● **Available data**:
------------------------------
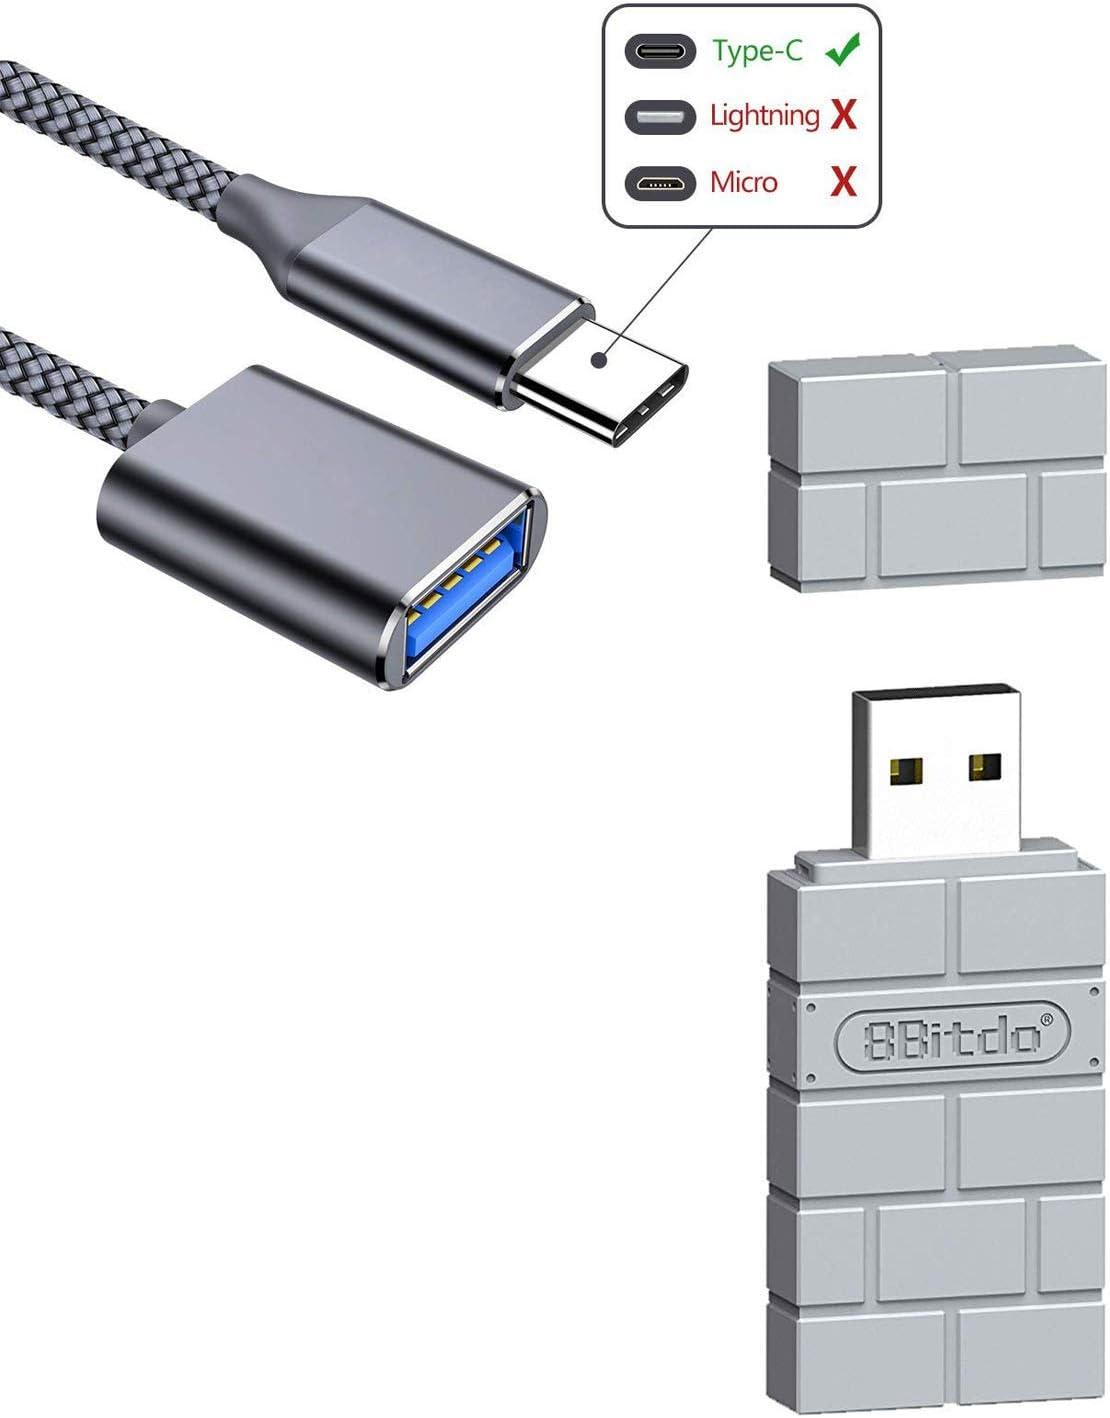 LEGADO 8Bitdo Adaptador inalámbrico gris USB para PS Classic Edition, Nintendo Switch, Mac, Windows, Raspberry Pi, Switch (Android) con un cable OTG: Amazon.es: Electrónica
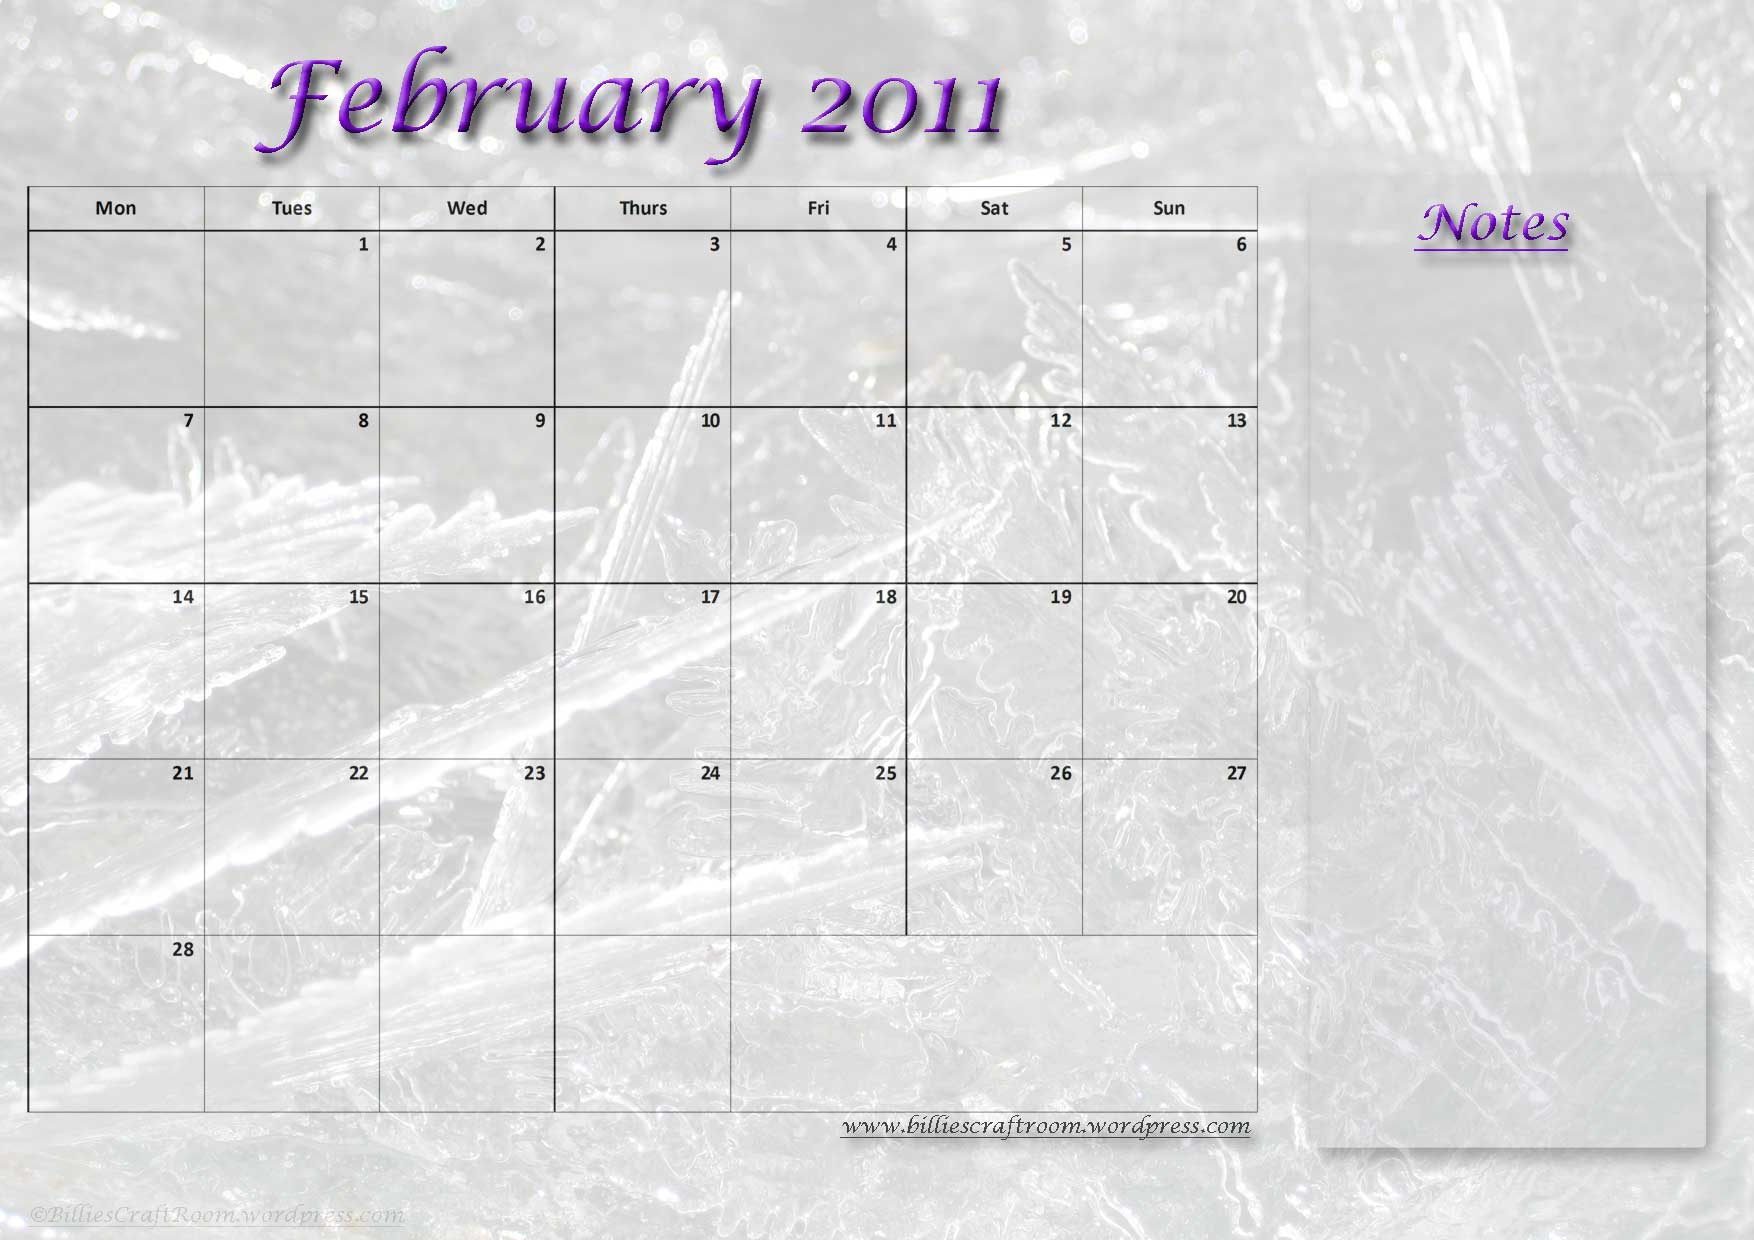 Calendar-February-2011
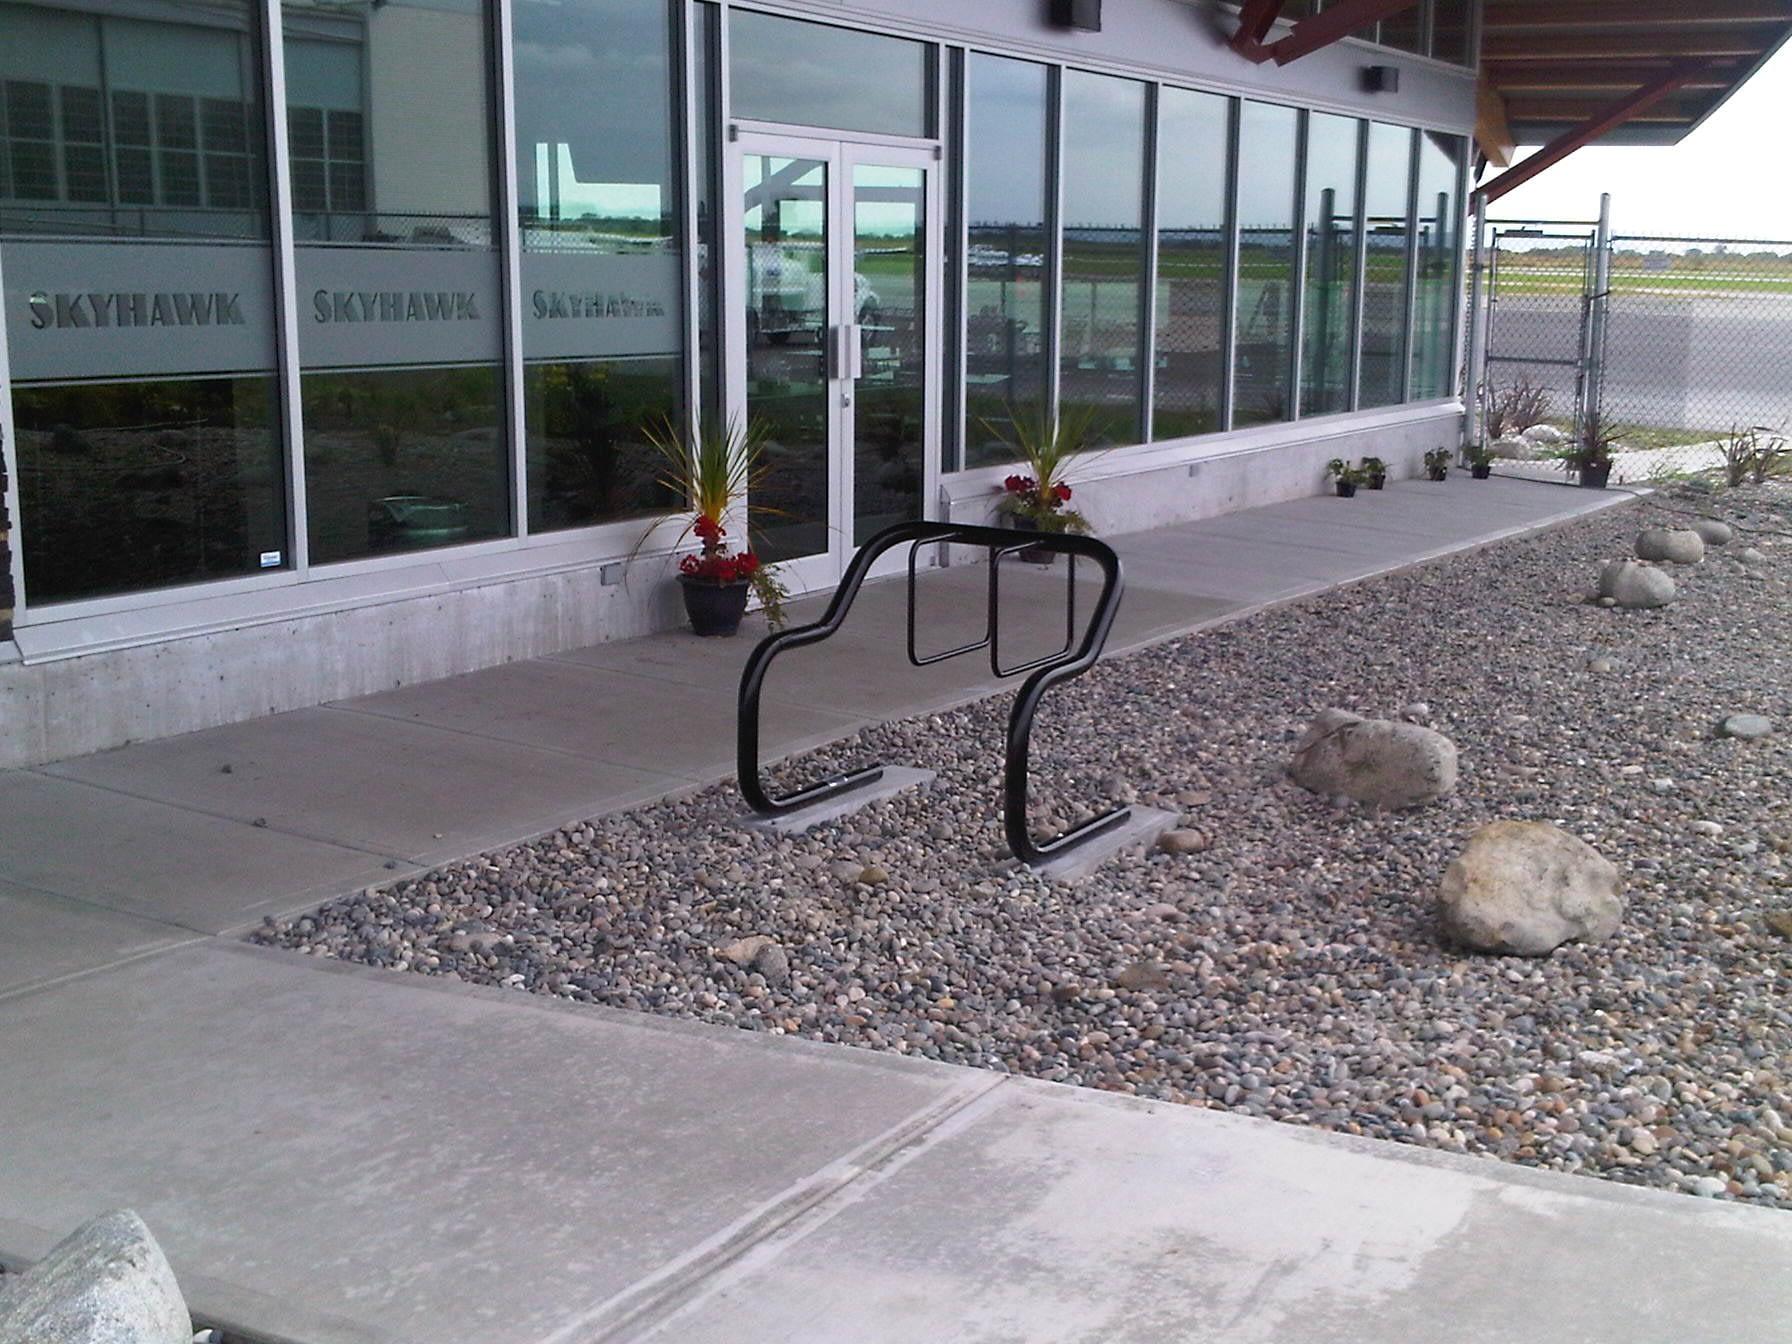 Boundary Bay Airport
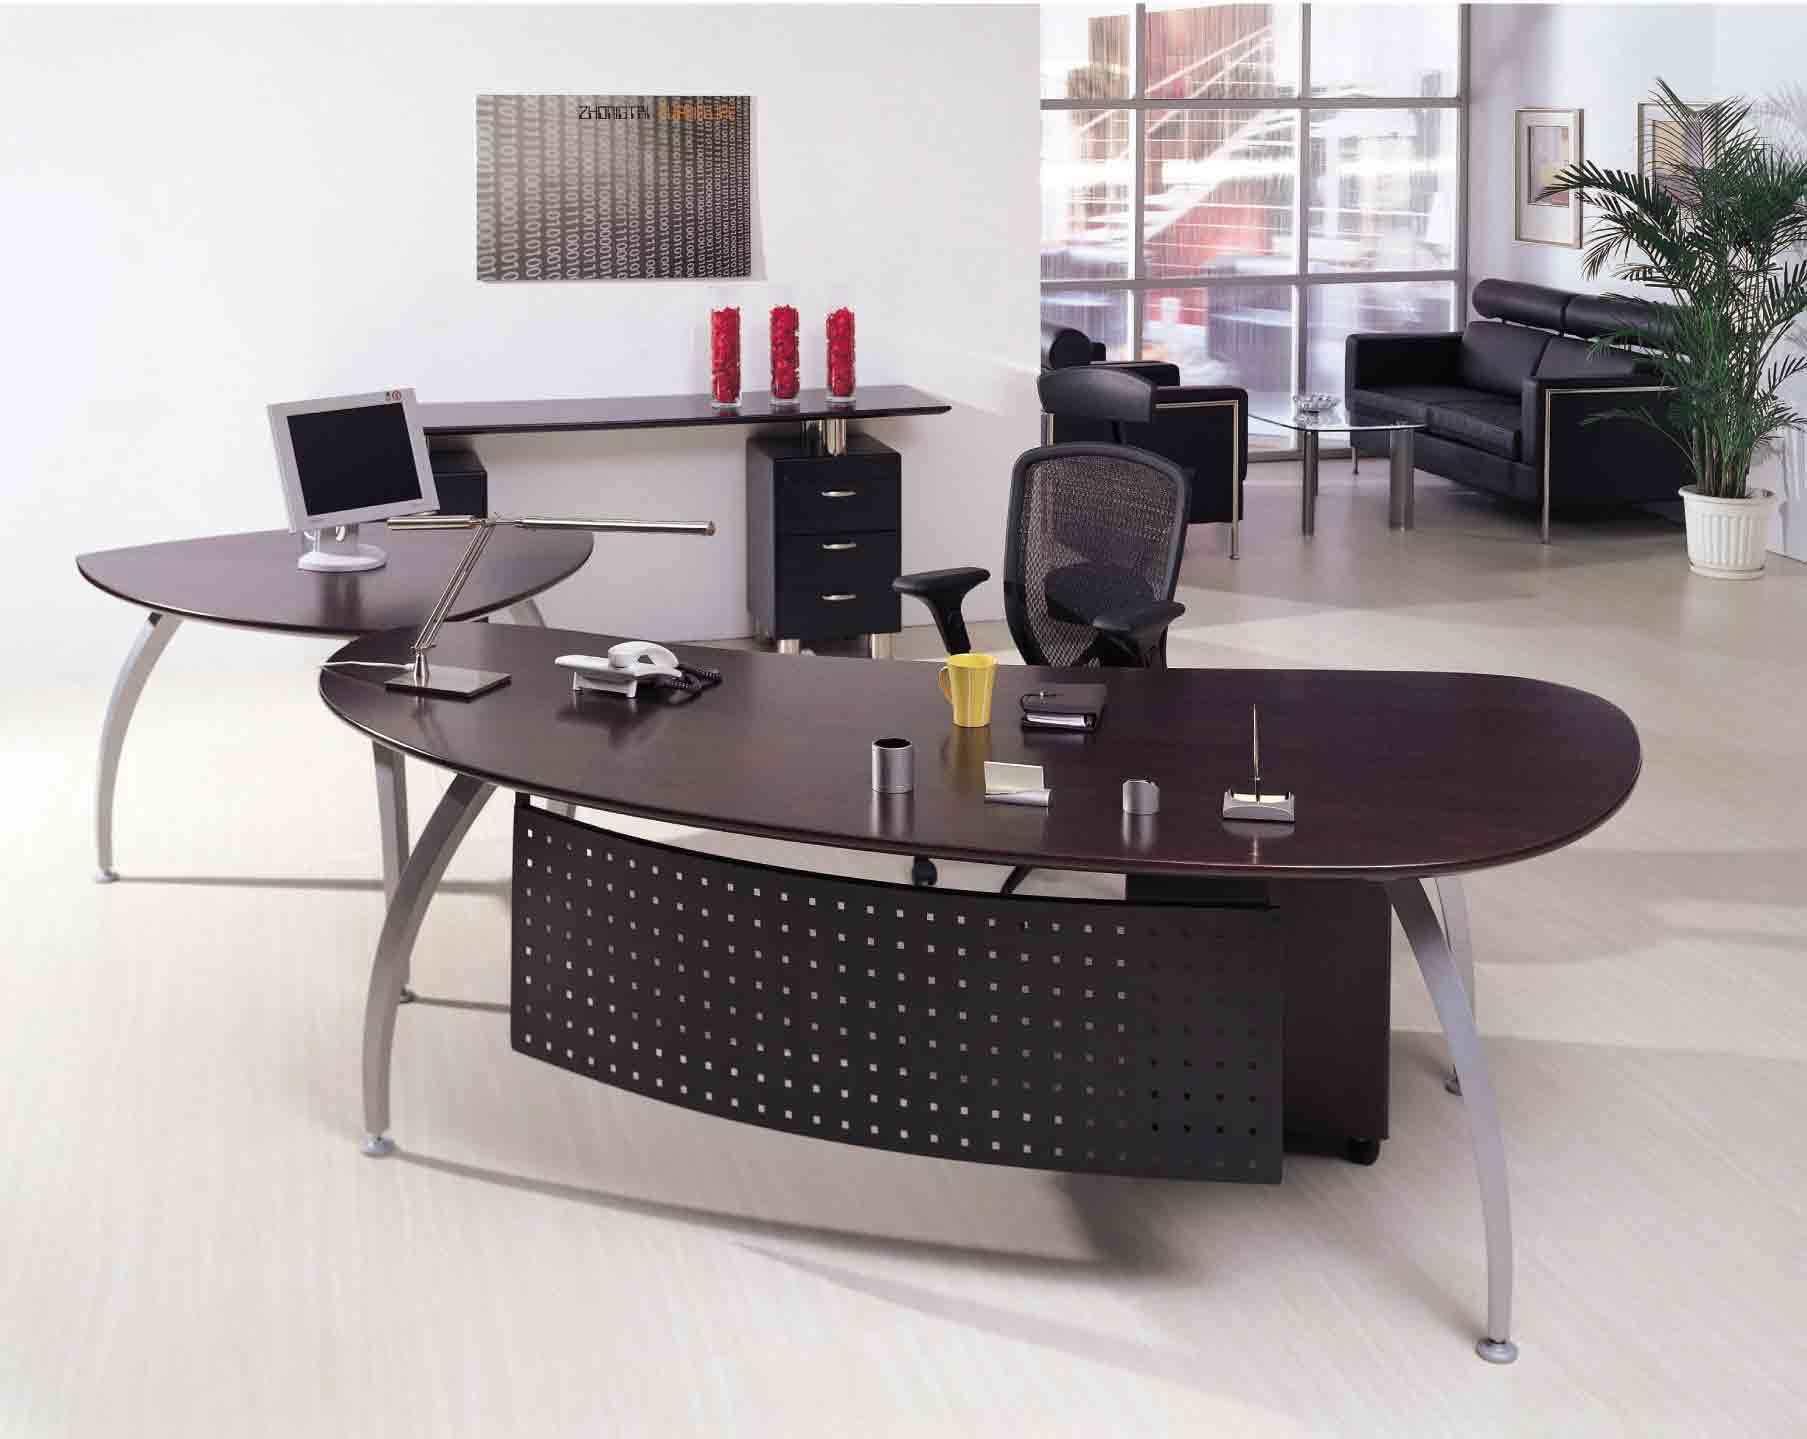 Modern Office Furniture U Shape Brown Executive Office Desk (NS-ND024)
------------------------------
● **Try it**: At the line containing "Calendar-February-2011", start reproducing exactly, and stop after the last line of the listing; include both ends, and leave the pictures out.

● **Expected answer**:
 Calendar-February-2011
 Boundary Bay Airport
 Modern Office Furniture U Shape Brown Executive Office Desk (NS-ND024)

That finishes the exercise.